Тайна длинной бороды
Один ученый, который прославился своими знаниями и великолепной длинной седой бородой, шел однажды вечером по переулкам Шираза. Погруженный в свои мысли, он проходил мимо толпы водоносов, которые потешались над ним. Самый смелый из них подошел к нему, низко поклонился и сказал: "Великий мастер, мы с приятелями заключили пари. Скажи-ка нам, где лежит твоя борода, когда ты спишь ночью, на одеяле или под ним? " Ученый вздрогнул, оторвавшись от своих мыслей, посмотрел с удивлением, но приветливо ответил: "Я и сам не знаю. Я никогда не думал об этом. Но я обязательно исследую. Завтра в то же время приходи сюда опять, и я отвечу на твой вопрос". Когда наступила ночь и ученый лег спать, сон не приходил к нему. Наморщив лоб, он размышлял, где же обычно лежит его борода. На одеяле? Под одеялом? Как он ни думал, но вспомнить не мог. Наконец мудрец решил проделать опыт: положил свою бороду на одеяло и попытался заснуть. Внутренняя тревога подступила к сердцу. Действительно ли это правильное положение? Если да, то почему же он так долго не может заснуть? А ведь раньше он давно бы уже спал. Подумав об этом, мудрец спрятал свою бороду под одеяло, но сна не было ни в одном глазу. "Наверное, она все-таки должна лежать на одеяле", - пришло в голову ученому, и он снова положил бороду на одеяло. И так он промаялся всю ночь напролет - борода на одеяле, борода под одеялом, - ни на миг не смыкая глаз и не получив ответа на вопрос. На следующий день вечером он пошел на встречу с молодым водоносом. "Друг мой, - сказал мудрец, - до сих пор я спал, украшенный собственной бородой, и всегда отличался хорошим сном. С тех пор как ты спросил меня, где лежит моя борода во время сна, я больше не могу спать. И не могу ответить на твой вопрос. А моя борода, украшение моей мудрости и моего почтенного возраста, стала мне чужой.

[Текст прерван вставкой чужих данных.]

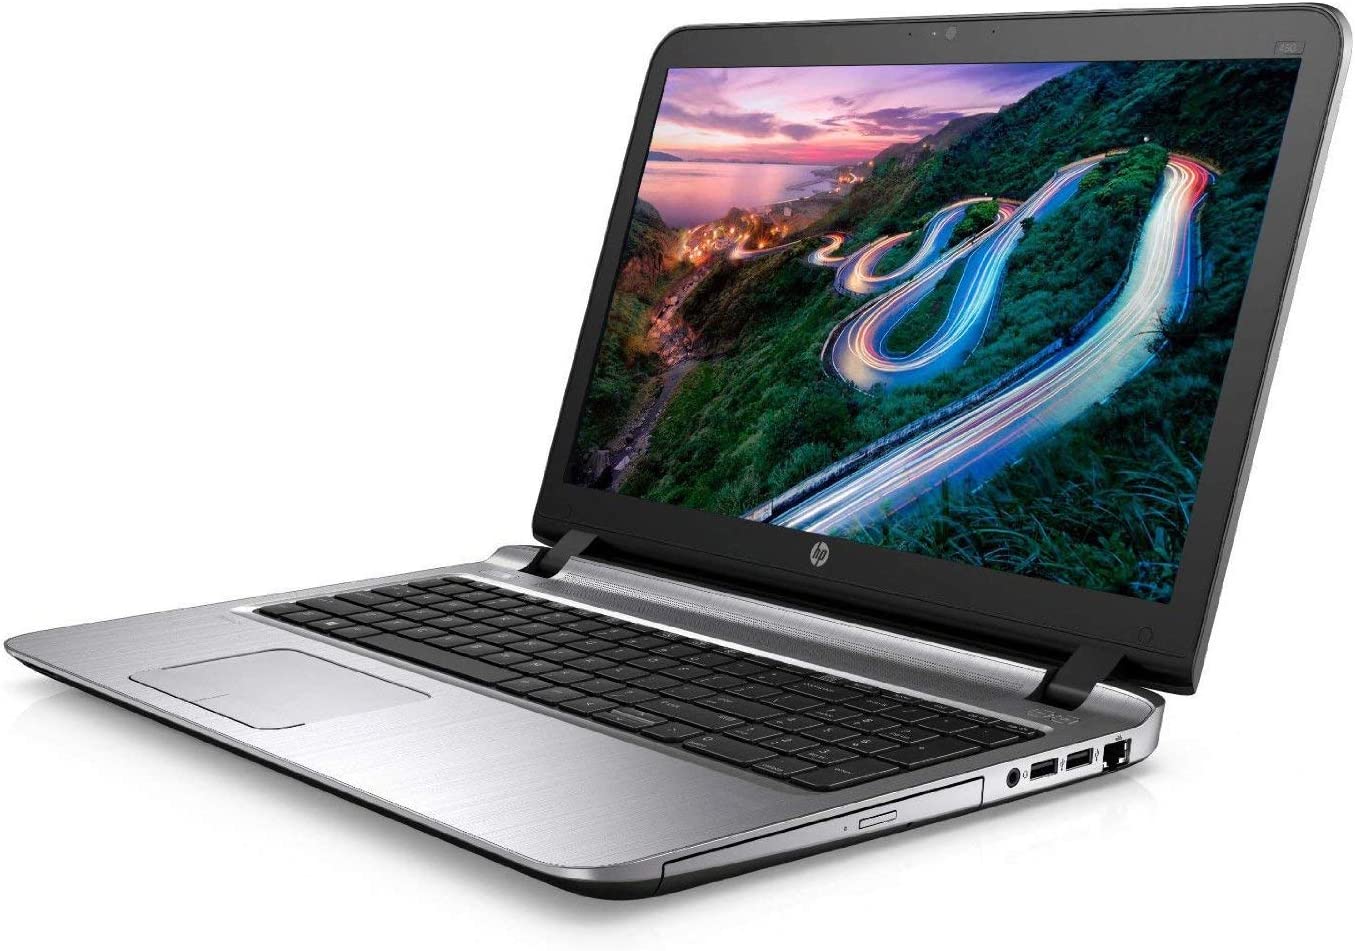 HP Probook 450 G2 Core i5-4200M 2.50 GHZ , 17.3 inches hd display windows 10 Pro (Renewed)

Я не знаю, когда вновь с ней примирюсь".
Господин своего слова
Однажды друг спросил муллу, после того как прослушал его по-юношески вдохновенную проповедь: "Мулла, почтеннейший, сколько тебе лет? " Мулла посмотрел на молодого человека и ответил: "Мне гораздо больше лет, чем ты просушил рубах на солнце. Мой возраст - не секрет, мне сорок лет".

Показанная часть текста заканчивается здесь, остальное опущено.